レコーディング記

折角なので、ここに記しておきましょう。
個人的反省も添えて。


6月4日
"Soul River""ぼくのスウィング""Spanish Ecstasy"のドラム・ベースを録音。
"Shattered Love"も録音したが、納得が行かなかったのでボツに。
クリックのテンポを各曲のセクション毎に、必要に応じて変えるという手法を新鮮に感じた。
音楽的要求があればこれは進んでやるべきだし、往々にしてこの手法は理に適っていると思う。


5日
上記3曲のピアノを録音。
"Soul River"のピアノは中々のドライヴ感が出たように思う。自分のこの曲への愛情を強く感じた。
シンセパッドも併せて録音。
"ぼくのスウィング"はピアノソロに非常に苦戦。正直あまり納得のいくプレイはできないまま終わってしまった。
こうしたリズムが自分の体内にはあまり育まれていない、という事実を突きつけられる。
ストリングス・ピチカートをキーボードで入れるが、極めてキーボーディスト的なボイシングに明石さんが苦言。
結果、3つの音の間隔を広げた「ナチュラルな和音」に変更。
"Spanish Ecstasy"はクリックのテンポ変動に最初戸惑うも、どうにか録り終える。
イントロなど、ピアノが際立つ箇所でのダイナミクスのコントロールが課題として浮かび上がる。
ウォーリーズ・セッションのため僕は早引き。その後3曲のギター録りが完了。


11日
3曲の弦を録音。
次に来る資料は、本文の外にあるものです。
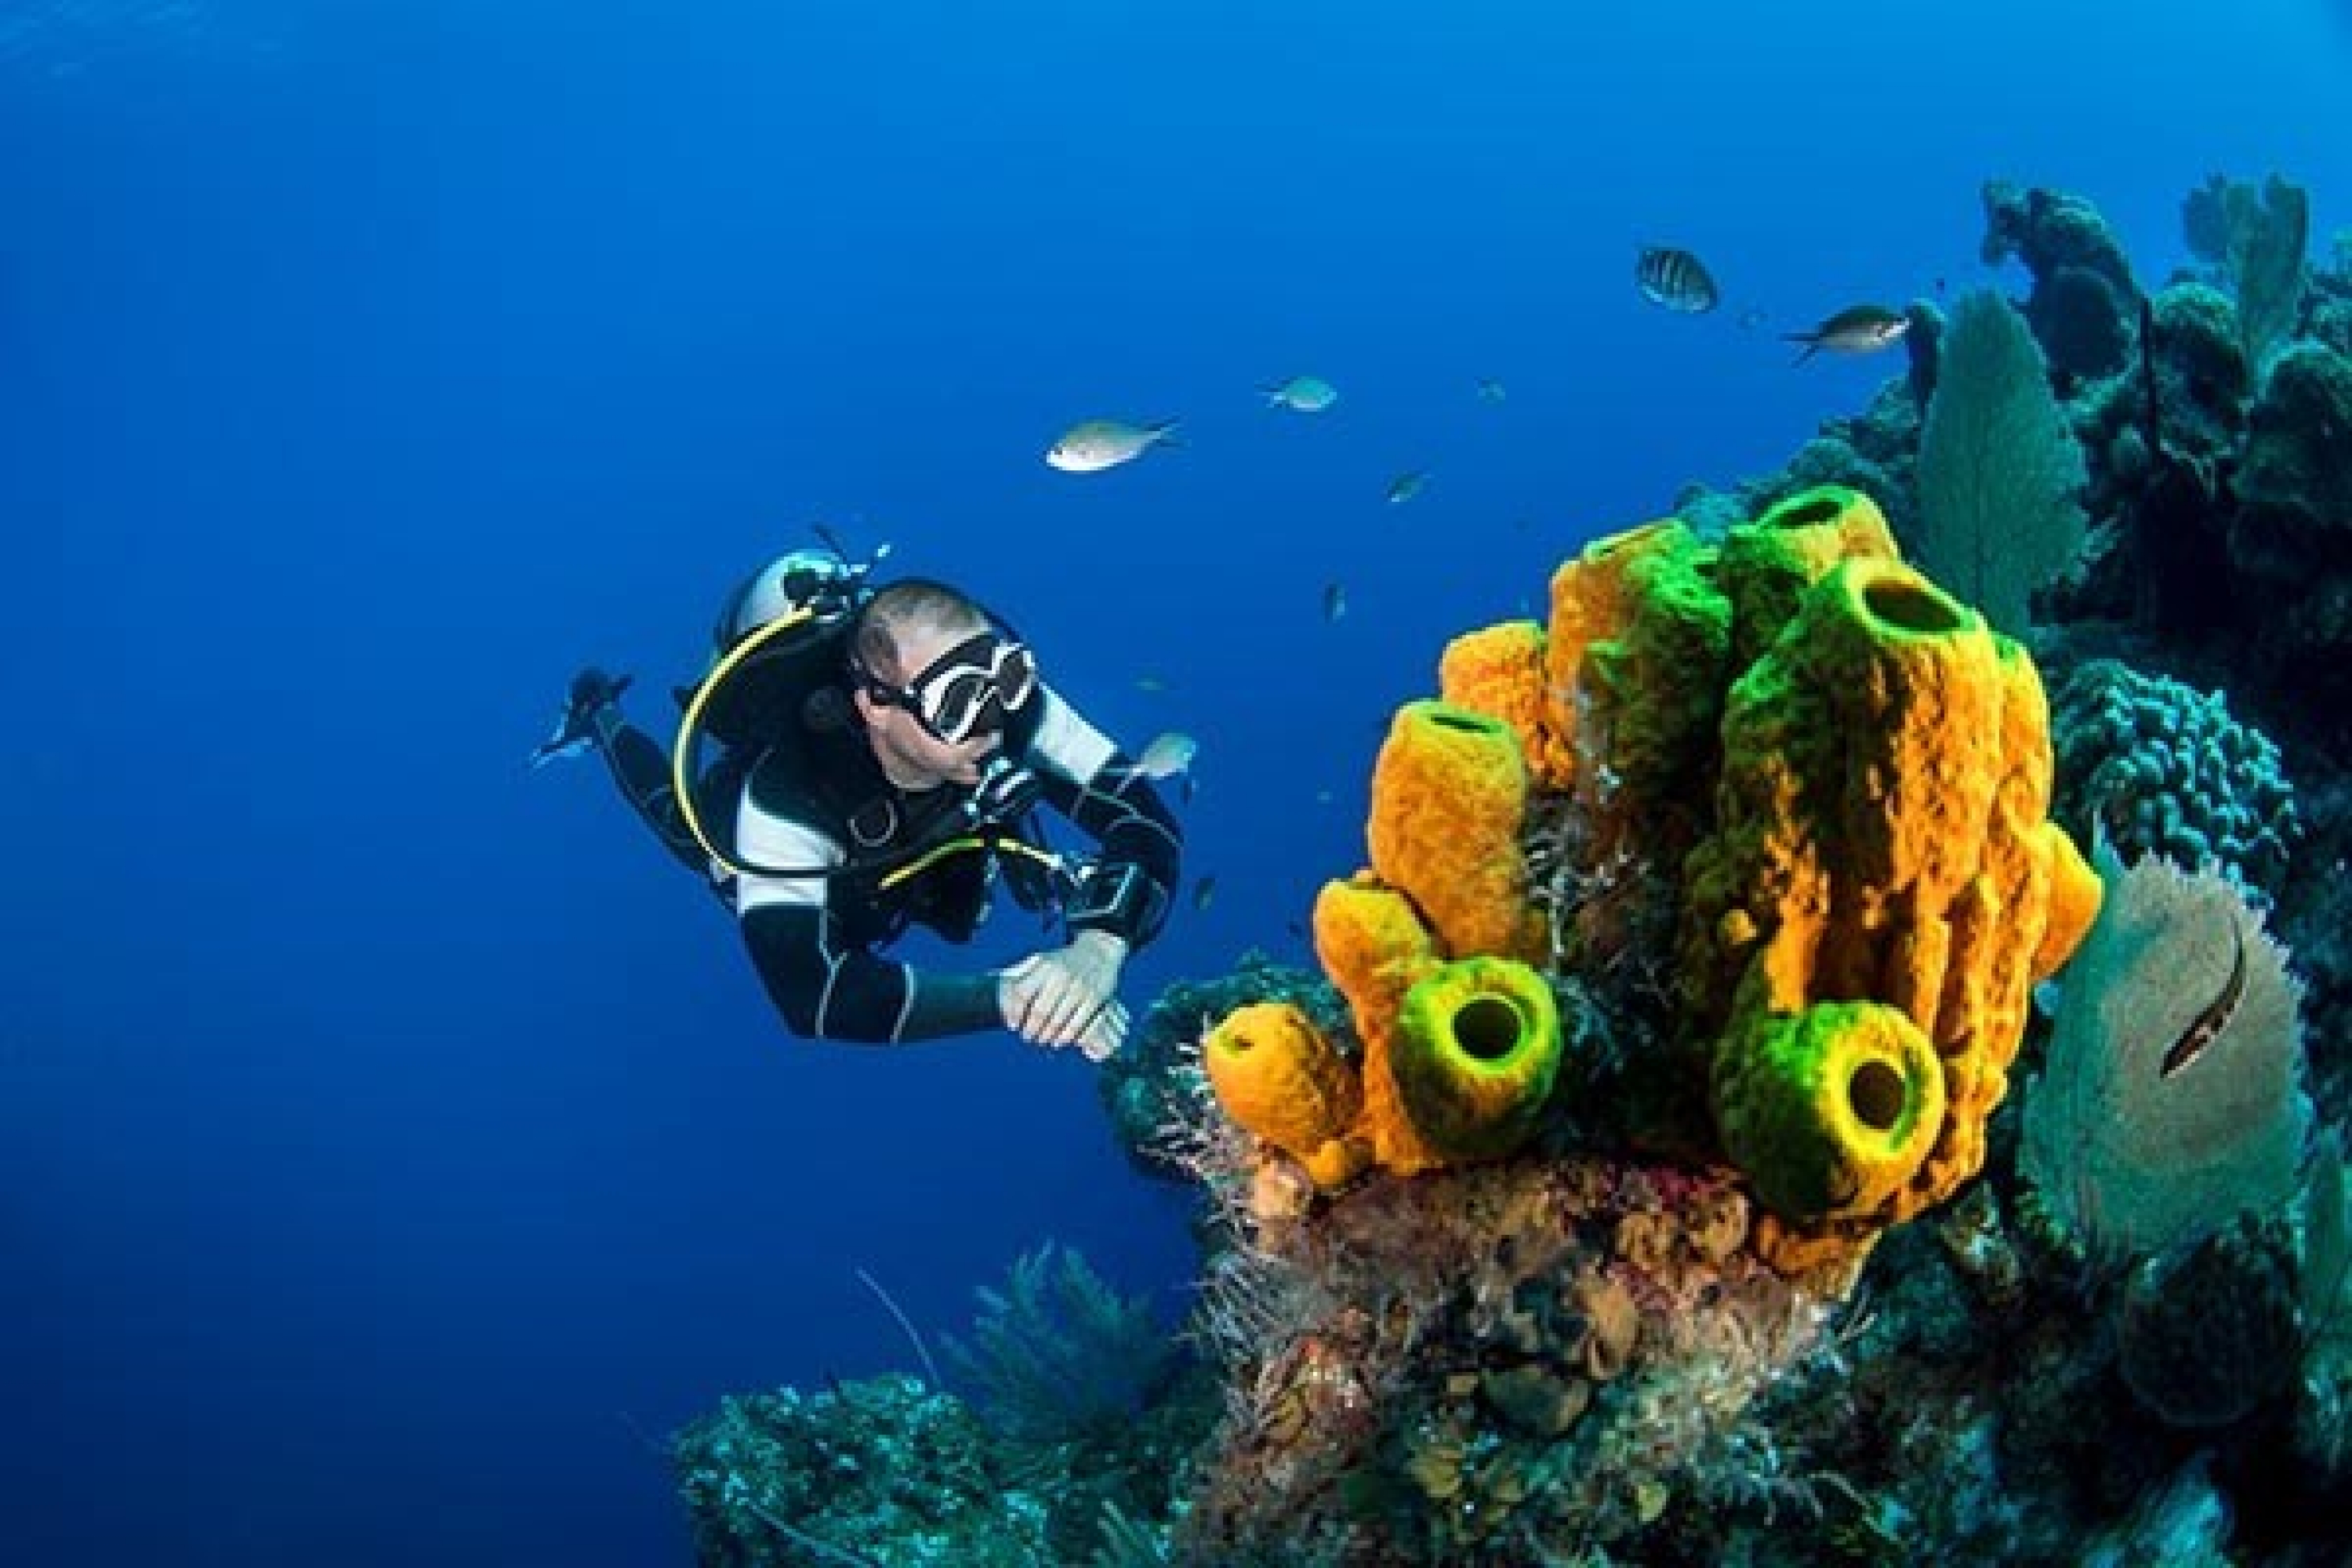 Un plongeur admire un récif corallien. À partir de quand considère-t-on qu’il s’agit d’une entreprise téméraire?

明石さんの用事のため夜19時すぎに終了。
僕はミドフェスのため、この日は全く出席できず。


14日
茶水のスタジオにおいて、残り曲のクリックだけを作る作業。
「3時間くらいでできるだろう」と言って実際に3時間で仕上げてしまう明石さんは凄い。


24日
ドラム・ベースの録音。
クリックを作っておいたのがよかったのか、
"Trust Your Groove" "Take Me To The Carnival" "Who Loves Rain" "Brazilian Sunset" "Flying Express II"の5曲を録り終える。
まだ時間があったので"霧時雨"を録音するも、クオリティの問題でボツに。
この日は少し余裕を持ってここで打ち切る。明石さんに「根性無し」と言われる。その後、「僕も根性無しなんだよ」と明石さん。


25日
"霧時雨"のドラム・ベースを録音。
その後は怒涛のピアノレコーディング。
"Trust Your Groove"は納得の出来。中間部の機械のような8分音符のアルペジオが求められる個所が心残りといえば心残り。
"Take Me To The Carnival"はテイクを重ねるごとに序々に雰囲気を掴み、テイク3がほぼそのままOKテイクに。
ライブと変わらないテンションでピアノを入れた。これでいい。はず。
"Flying Express II"ソロが速すぎてなかなかうまくいかないが、テイク2でそれなりのものができたのでソロはこれをOKテイクにする。その他の箇所はテイク2をもとにパンチインを数度施し完成。
この曲やカーニバルでは、自分の技術の限界にぶち当たった感がある。
"Brazilian Sunset"のピアノはすぐに終わった。
"霧時雨"のピアノの刻みは、クリックに合わせるべきかドラムに寄り添うべきか迷っていたが、
結局クリックに合わせての演奏に。地獄のような我慢大会。
その後ドラムとピアノが音楽的に絡む位置にくるように、文明の利器と明石さんの知恵が活躍するのでしょう。


ここでピアノは休憩。
"Brazilian Sunset""Take Me To The Carnival"のギターを録音。
なかなかカッティングのキレが増していて、気持ちいい。


最後に"Trust Your Groove"のシンセ回りを録音。

Pianism

久々に作曲をしてみた。といっても微々たる程度ですが。
透明な旋律が出来ました。序々に愛着が湧いてきて、そのうちひとつの曲として形になるのでしょう。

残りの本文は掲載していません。